# Exercise details
Write out exactly the lines running from the line that includes "Подведены итоги конкурса" to the end of the data, both ends included, and nothing besides.

# Data section

----

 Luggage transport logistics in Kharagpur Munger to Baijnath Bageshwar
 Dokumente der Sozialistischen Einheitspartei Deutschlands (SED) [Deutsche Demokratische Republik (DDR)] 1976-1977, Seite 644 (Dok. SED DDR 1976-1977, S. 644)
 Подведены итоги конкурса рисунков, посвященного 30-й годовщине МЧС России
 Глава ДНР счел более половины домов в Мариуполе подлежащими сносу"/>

----

# Response
 Подведены итоги конкурса рисунков, посвященного 30-й годовщине МЧС России
 Глава ДНР счел более половины домов в Мариуполе подлежащими сносу"/>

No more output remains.